13. Sweet Nothing (piano remix)
I recently discovered The Sweet Nothing piano remix which was even prettier than the classic version. I loved “you’re in the kitchen humming”. This song really reminds me of being at home and relaxing with your family, which in my case is always ends up being chaotic and cozy. But it’s this idea of not having to be fully present or the best version of yourself, just being able to lean back and be yourself. It often happens that my aunt, my husband and I have conversations and my mum starts adding her thoughts while she’s rummaging in the kitchen, so she’s echoing through the conversation. For instance, when my aunt said my new bangs looked good and I explained to her why I finally opted for a new look , my mum chirped with a presenter voice: Taylor Swift. When I was helping the Christmas dinner preparations and my husband and my aunt were talking in exceedingly high (my husband) and low (my aunt) muppet voices to see how high and low their registers could go, I heard my mum over her potato gratin mumble herself: ‘I’m also neurodivergent’. Sometimes she picks up these new phrases and terms at work and she starts mentally chewing on everything when she’s in the kitchen. I love how Taylor has always known and acknowledged the importance of kitchens. Some of my friends have cooking islands and I love hanging at cooking islands with tea because for some reason it’s way easier to discuss everything that’s going on in life, than when you’re seated at an official dinner table, there’s still an element of playfulness in the kitchen when you’re both talking, cooking, baking and rummaging.
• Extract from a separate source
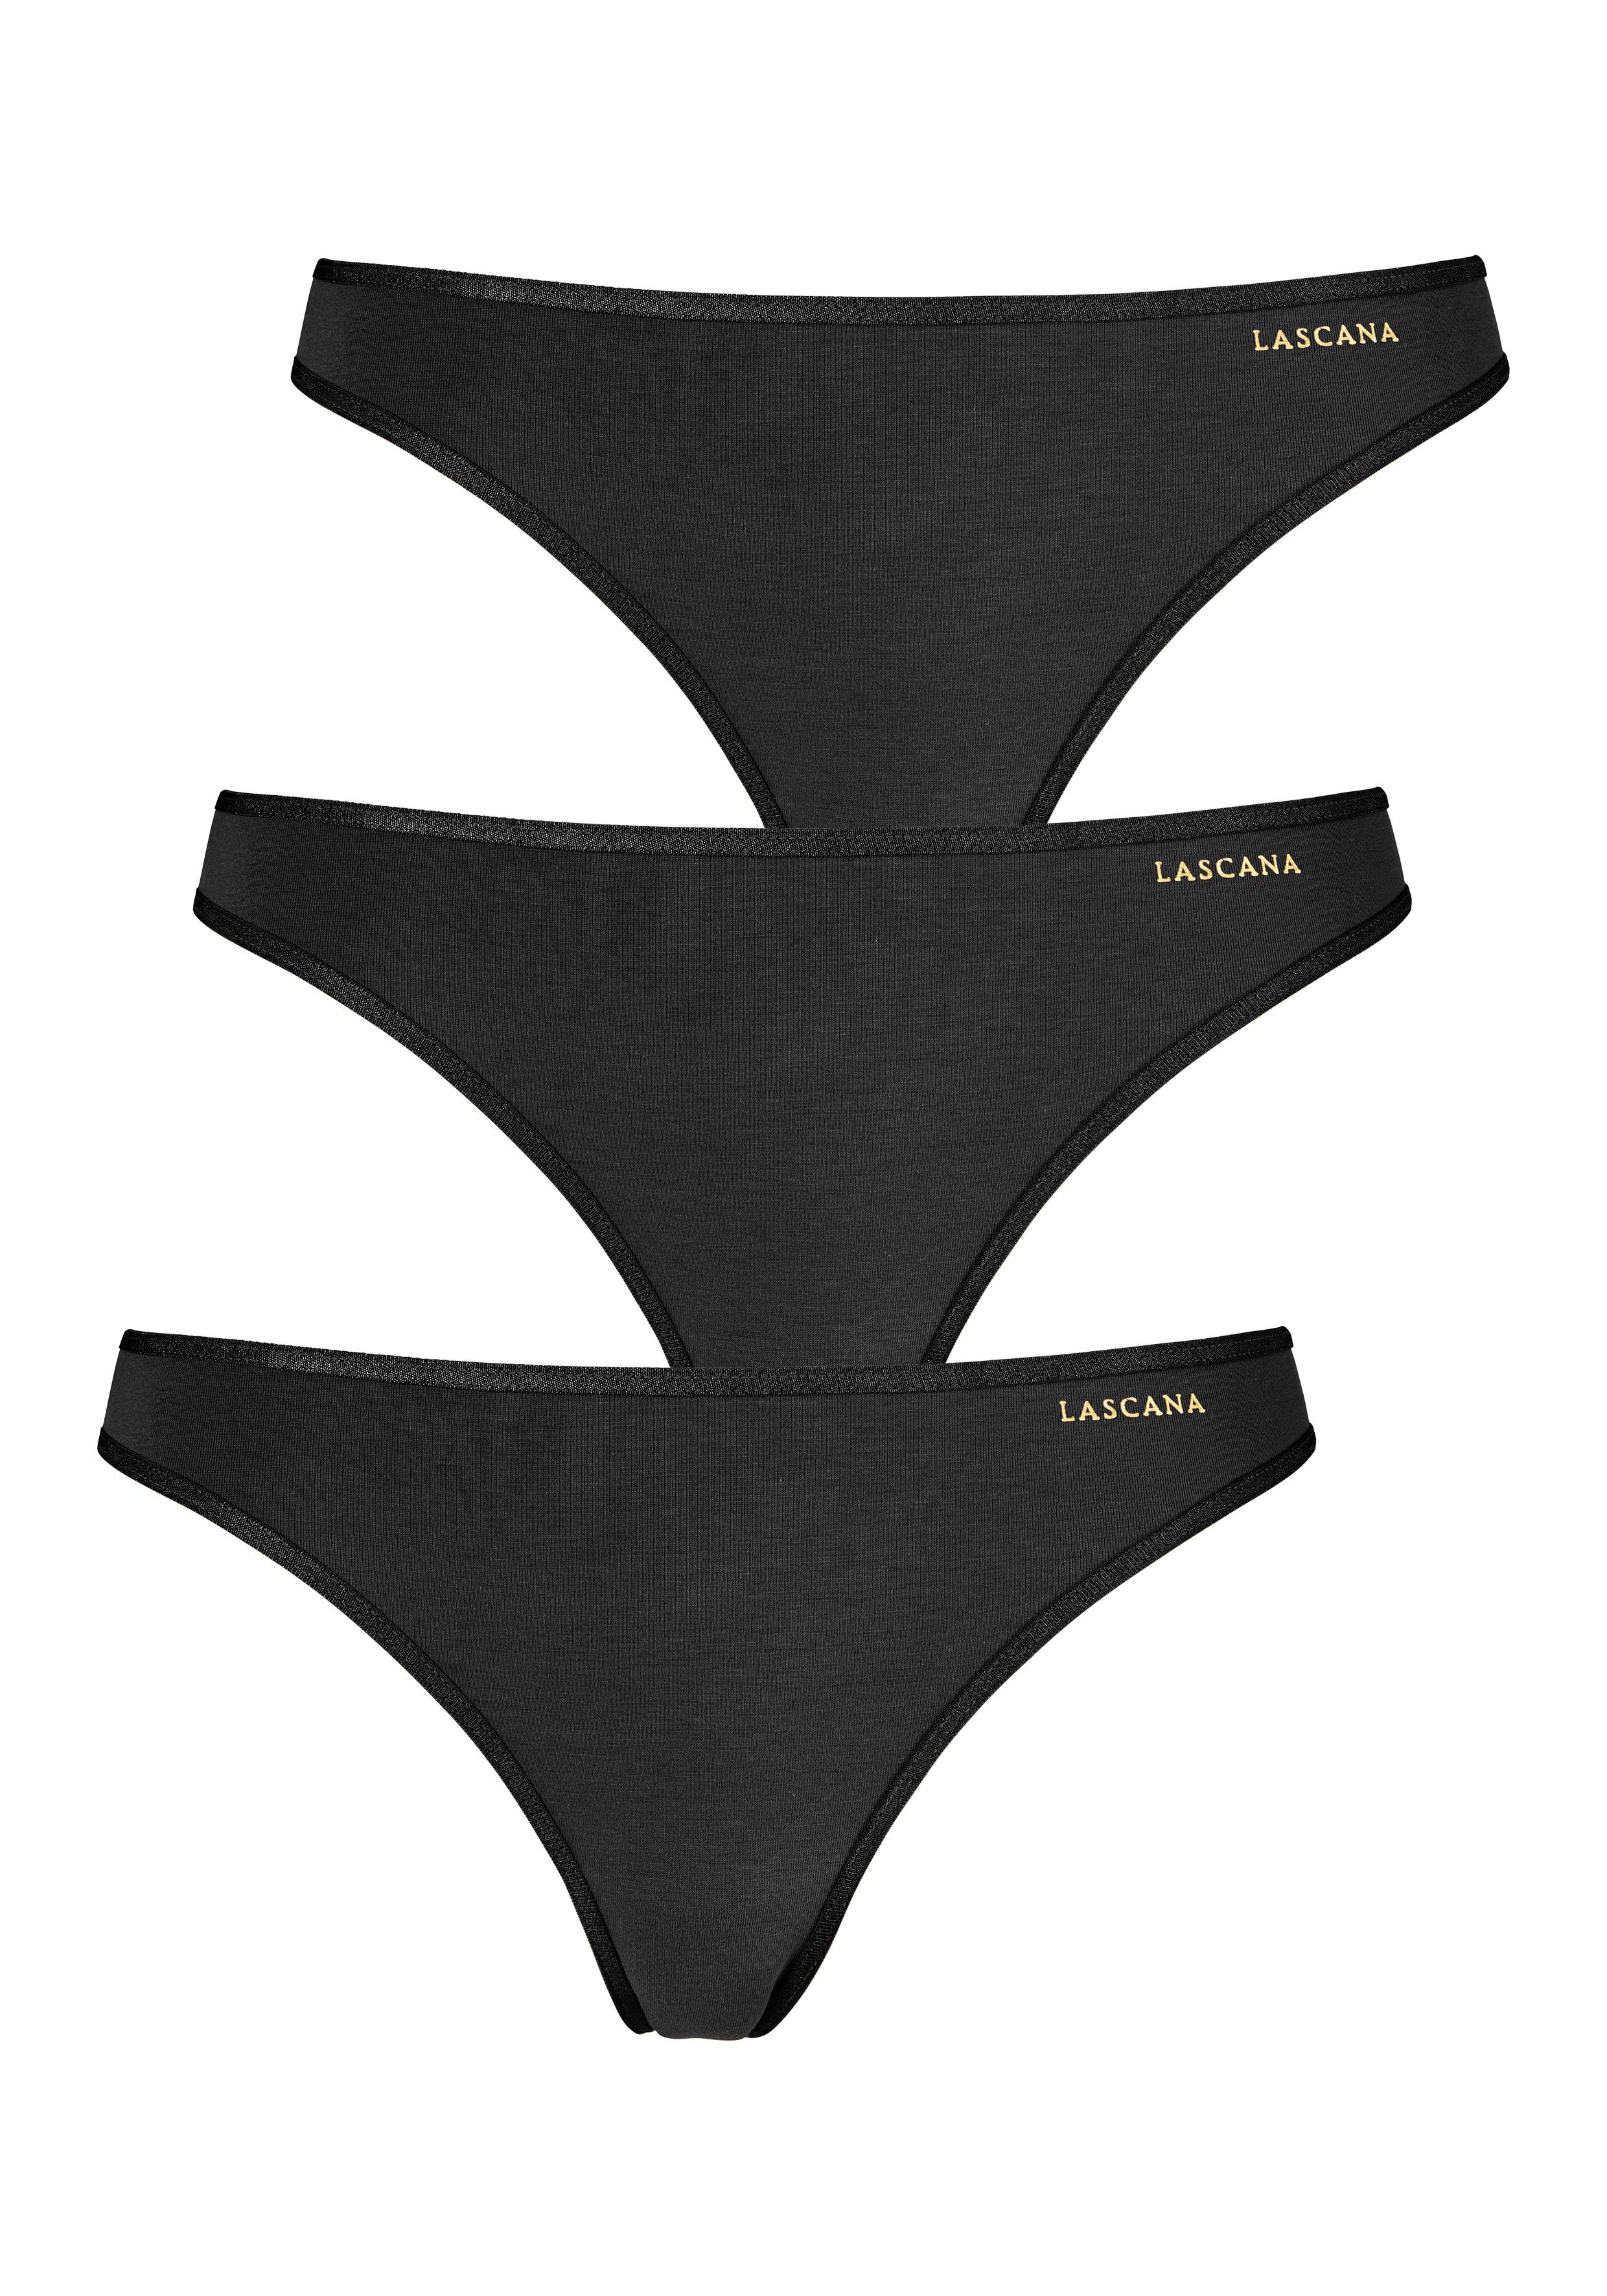 Wäsche/Bademode Unterhosen LASCANA String (3 Stück) mit goldfarbenem Logodruck

My mother and aunt both have a way of making fun of everything new that’s going on at their workplaces. For instance, my aunt thought it was incredibly funny to say I work with Agíle, It’s Agíle, you know Agíle, it’s Agílleeee like twenty times. Or someone said to my mother she had to work on her soft skills (she worked at EY and she’s quite a direct, businesslike, no-nonsense person) and every conversation since then that has been about human beings relating to each other, she found the opportunity to drop soft skills, which she kept up for over a month. Or she impersonates her coach from dialogue class (she has a new and woke director so after this year’s tensions in Amsterdam all the officials at the municipality were send to dialogue class) that: I have to sit down (sits down) and listen to you (makes hand gesture towards me) and then you sit down (I have to sit down) and listen to me (makes hand gesture towards herself). This Christmas dinner my husband couldn’t remember Simply Red (I started singing that III wanna falll from the sky straight into your arms because he knows that one) but of course my aunt and my mother turned this into a whole thing, through other conversations they kept asking him if he had heard of The Beatles? The Stones? Bob Dylan? Cat Stevens? They can get really giddy and my dad sometimes simply sighs. There’s a sweet whippet pup called Lennox who has serious FOMO and always wants to sit on everyone’s lap.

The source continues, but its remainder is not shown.